PROBLEM TO WORK ON | What is needed is an exact copy of the whole listing below, with no pictures.

EXERCISE DATA |
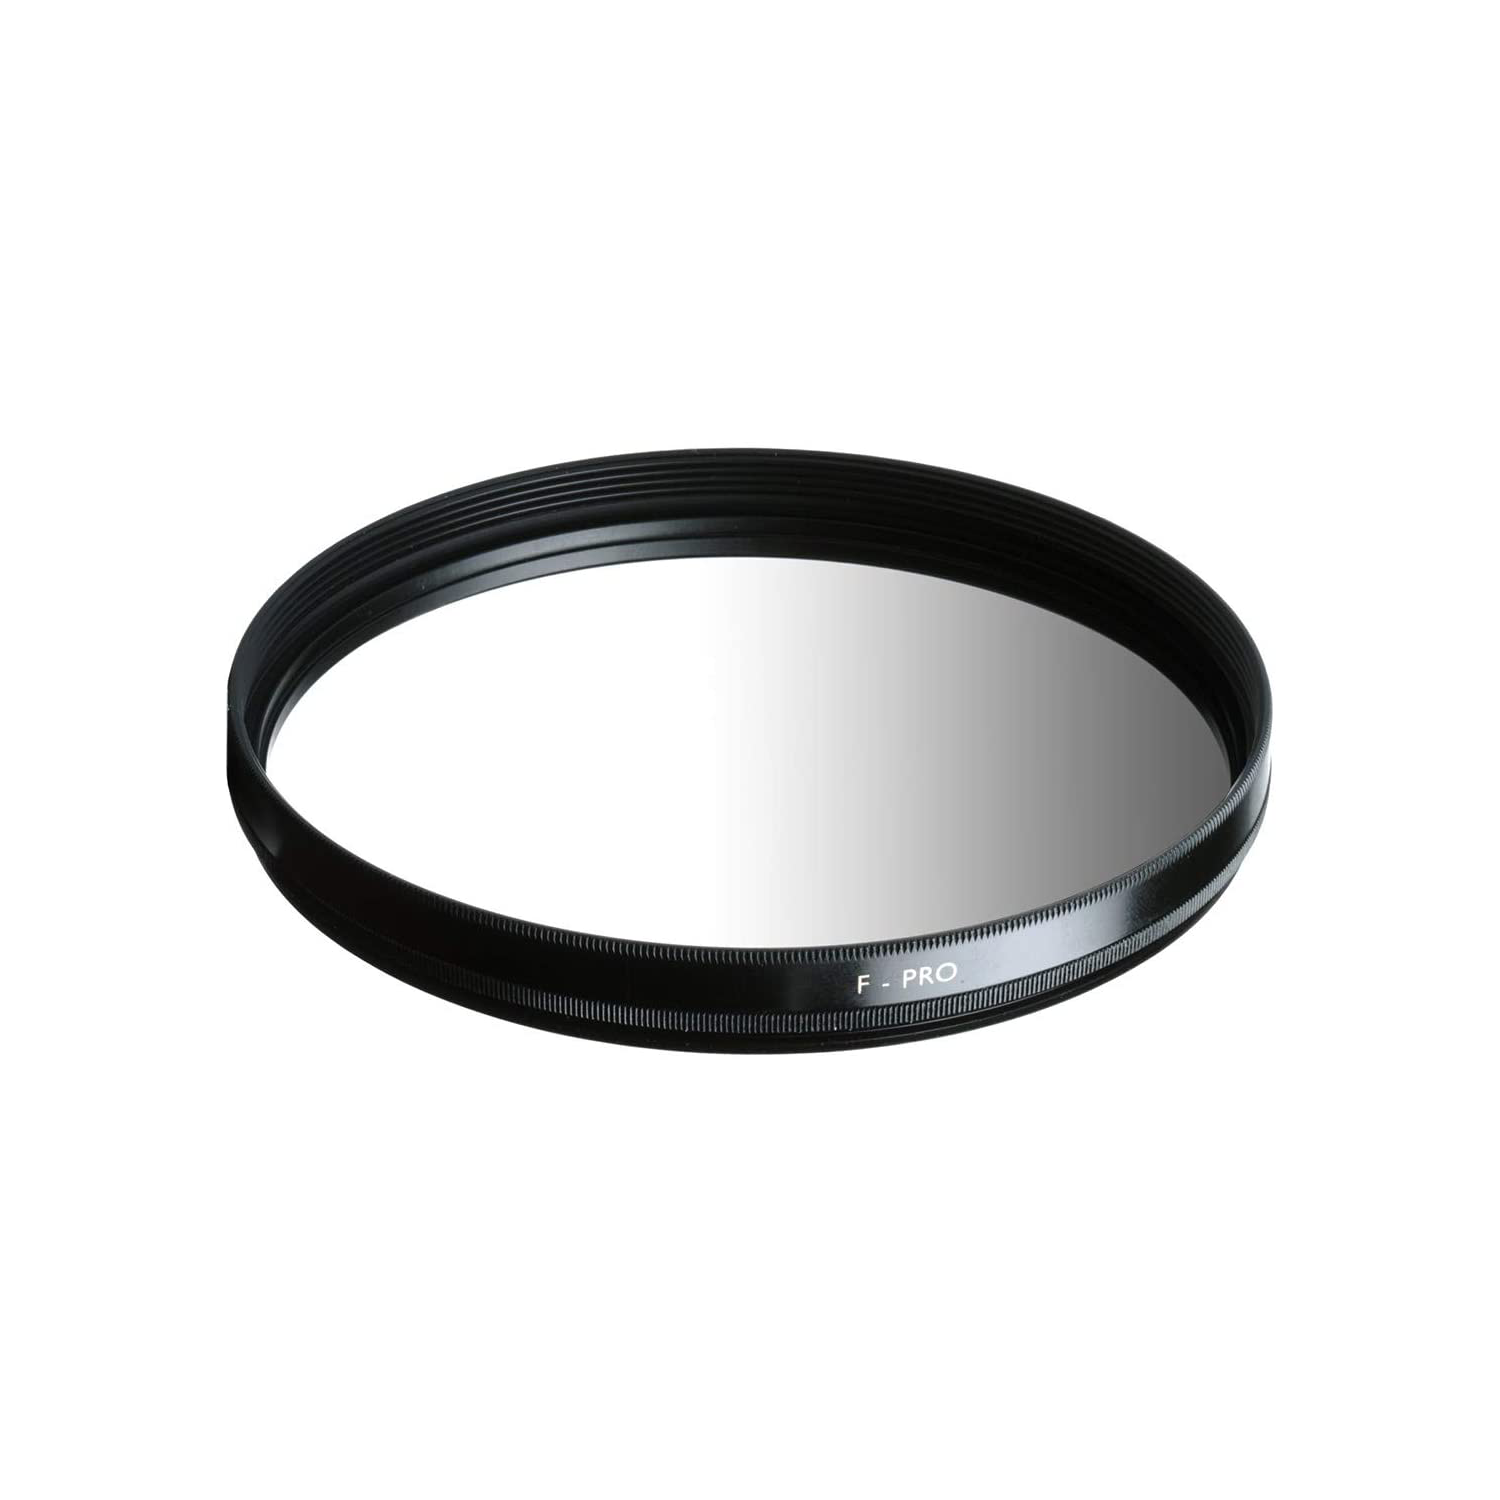 B + w filtre gradué gris 702 2x - 67 mm
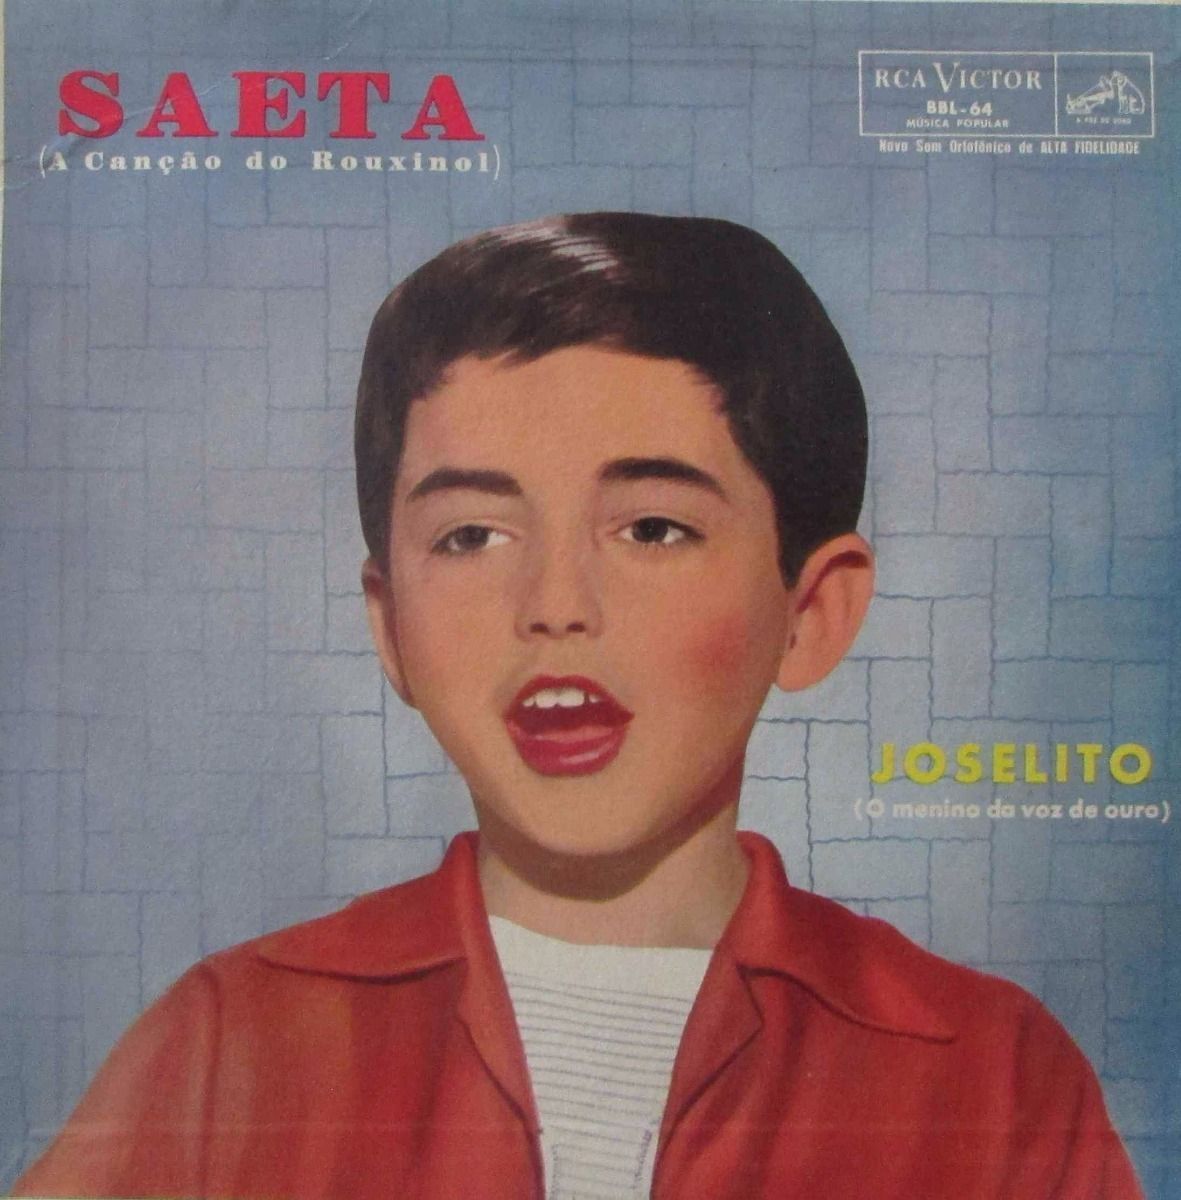 Imagem do álbum Saeta  do(a) artista Joselito
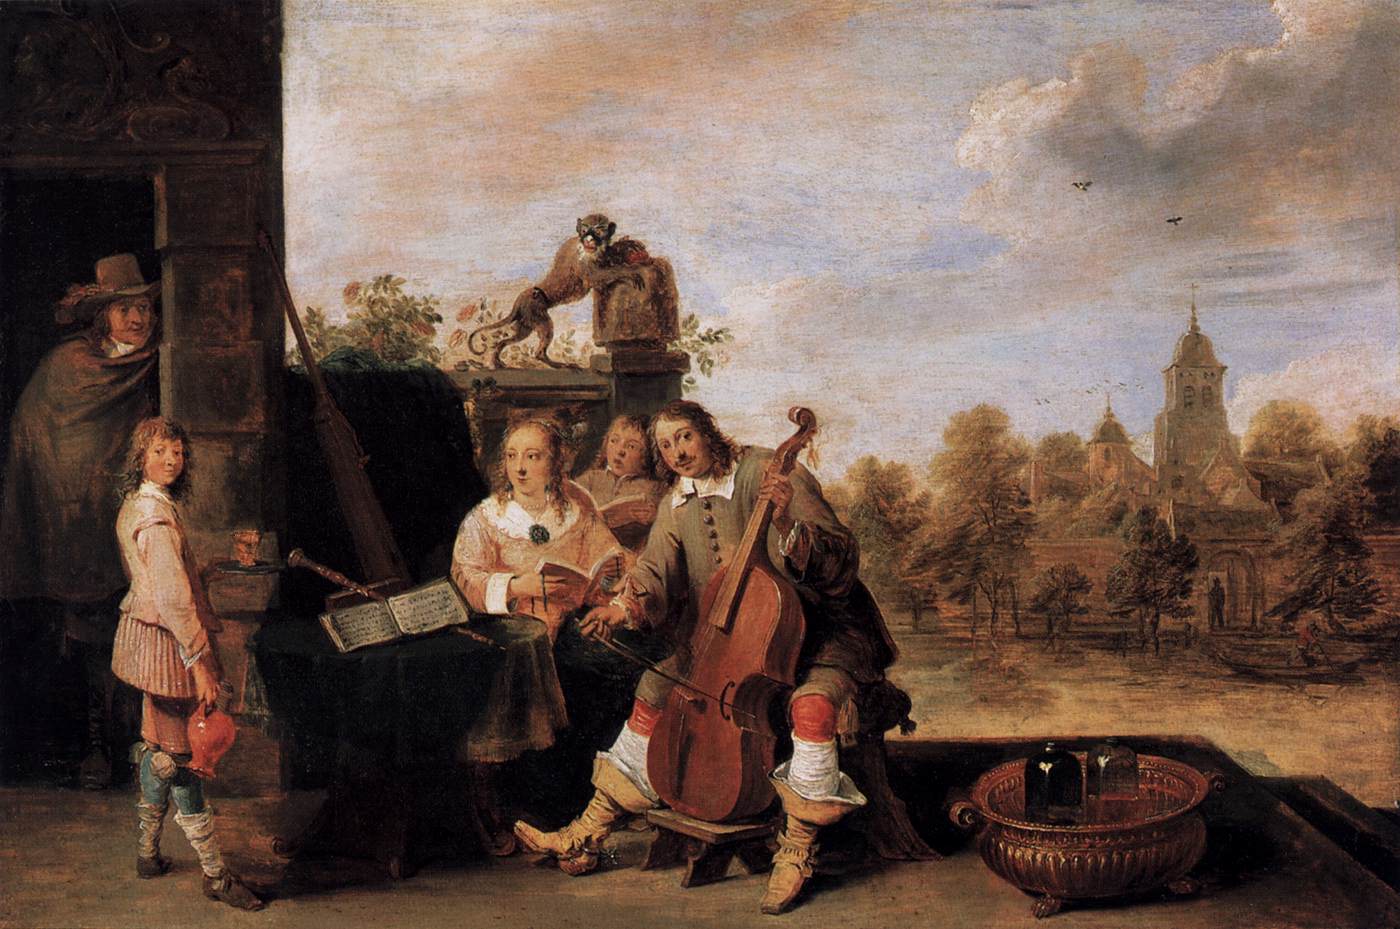 Le peintre et sa famille
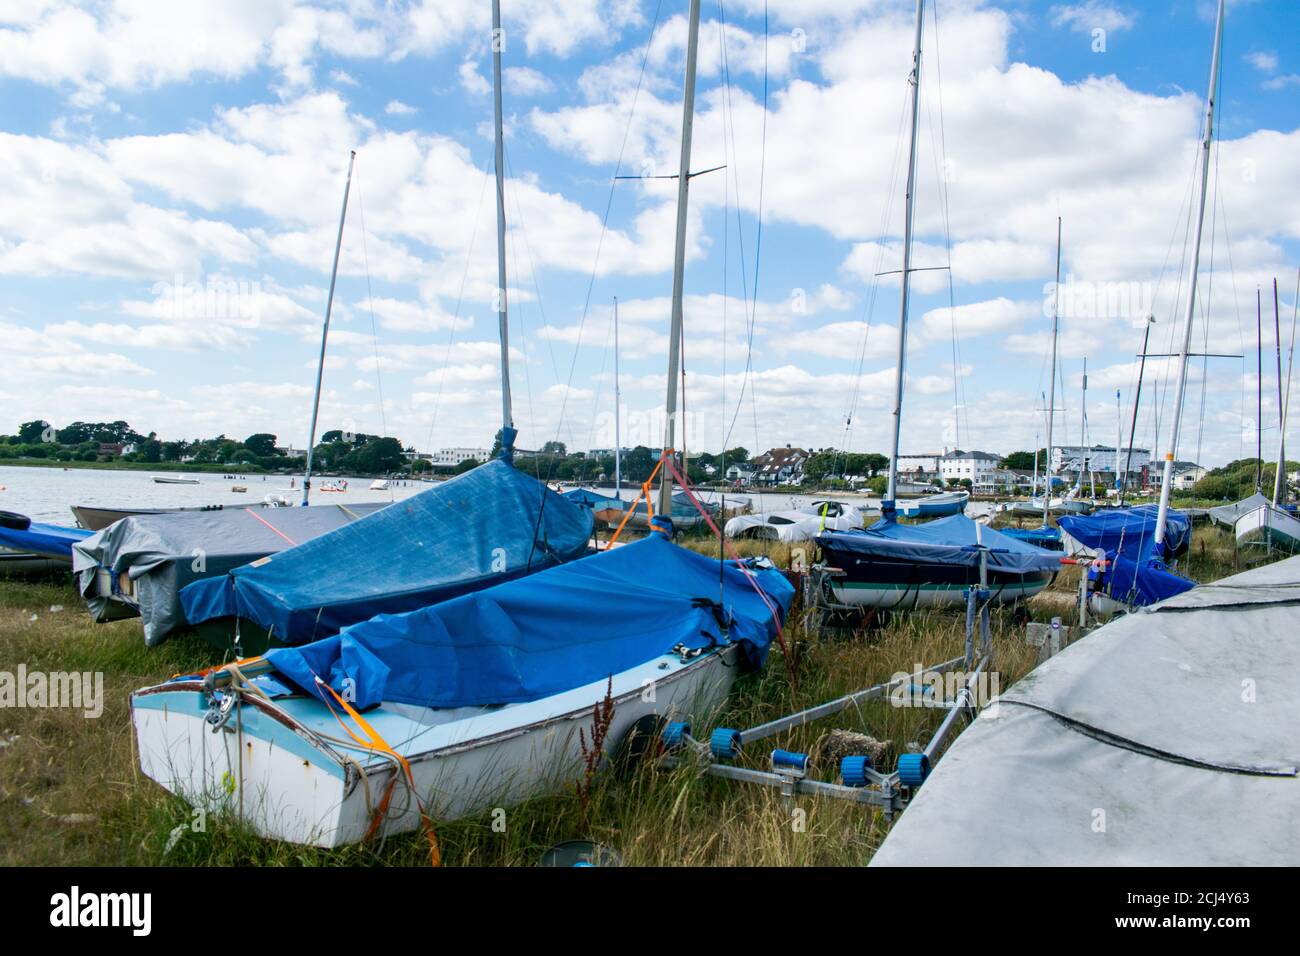 Petits bateaux de voile ou de pêche sur terre avec des mâts et des couvertures sur Mudeford Quay, dans le sud de l'Angleterre, beau ciel bleu ciel nuageux, beaucoup de dingies stockées sur Banque D'Images

ANSWER BOX |
 B + w filtre gradué gris 702 2x - 67 mm
 Imagem do álbum Saeta  do(a) artista Joselito
 Le peintre et sa famille
 Petits bateaux de voile ou de pêche sur terre avec des mâts et des couvertures sur Mudeford Quay, dans le sud de l'Angleterre, beau ciel bleu ciel nuageux, beaucoup de dingies stockées sur Banque D'Images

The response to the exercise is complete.